Enron CEO and Chairman Kenneth L. Lay misled employees to believe that the company was in a good financial position shortly before the energy firm went bust.

Back in 2001, Enron – an American energy, commodities, and services company – filed for bankruptcy, which was later revealed to have been caused by internal fraud at the company.

At the time, it was the US’ largest corporate bankruptcy in history.

Enron was founded by Lay in 1985 and went on to have over 20,000 employees at the time of its collapse. But Lay and some of his senior executives long knew that Enron was trouble – yet failed to tell anyone.

In fact, they went out of their way to assure employees and board members that the company was doing well.

With this in mind, in the months leading up to Enron’s collapse, Lay encouraged employees to buy stock and ‘talk up’ the idea to their family and friends too.

“Talk up the stock and talk positively about Enron to your family and friends,” he told them on an electronic forum in September 2001, two months before filing for bankruptcy.

His message went on, the Los Angeles Times previously reported: “The company is fundamentally sound.

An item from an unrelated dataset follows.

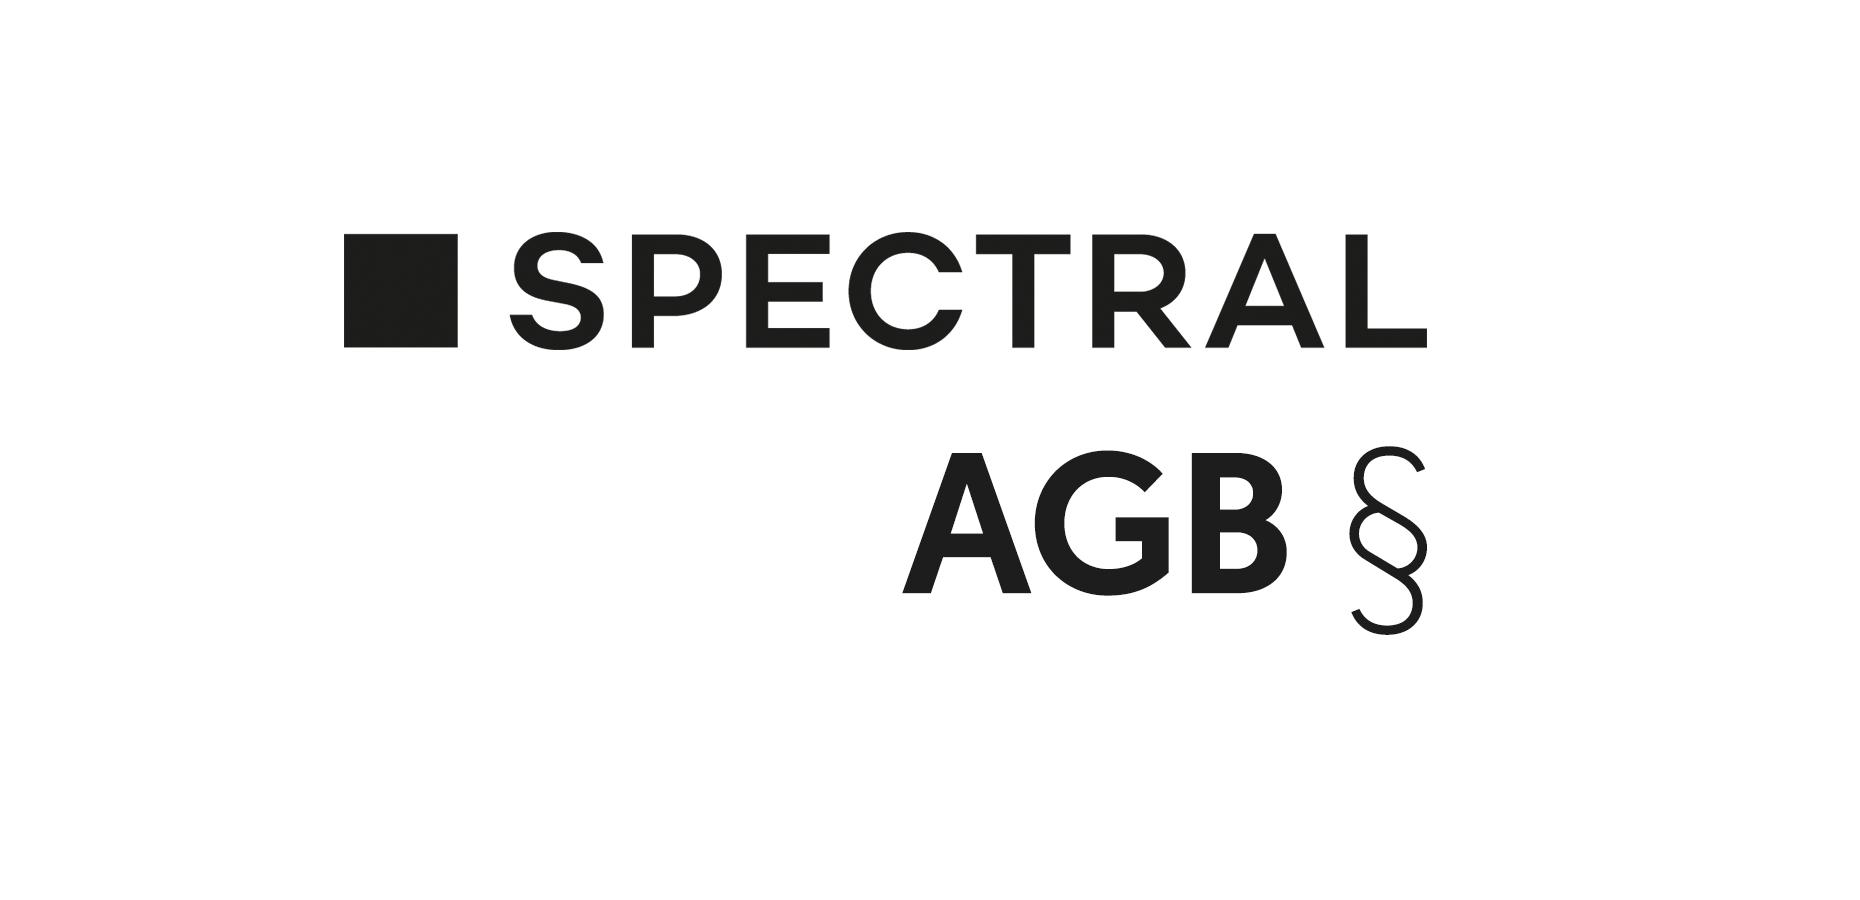 Agb Spectral Audio Möbel Gmbh

At current stock prices… this seems to be an incredibly cheap stock.”

Fast forward to July 2002 and Lay was indicted on charges of conspiracy, securities fraud, wire fraud, bank fraud and making false statements.

It’s thought the company lost around $74 billion, CNN reports.

Enron co-CEO Jeffrey K. Skilling and former Enron Chief Accounting Officer Richard Causey were also hit with charges.

Deputy Attorney General James B. Comey, who headed the President’s Corporate Fraud Task Force at the time, said in a statement: “The indictment charges that Lay, Skilling, Causey and others oversaw a massive conspiracy to cook the books at Enron and to create the illusion that it was a robust, growing company with limitless potential when, in fact, Enron was an increasingly troubled business kept afloat only by a series of deceptions.”

“These charges demonstrate the Department’s commitment to the rule of law, its commitment to the principle that no one is above the law, and its commitment to unravel even the most complex of fraudulent schemes,” Comey continued.

Lay was ultimately convicted of his crimes, but died of a heart attack before his sentencing.

Elsewhere, Skilling was convicted on one count of insider trading and five counts of making false statements. He was sentenced to over 24 years behind bars, but was released in 2019 after 12 years.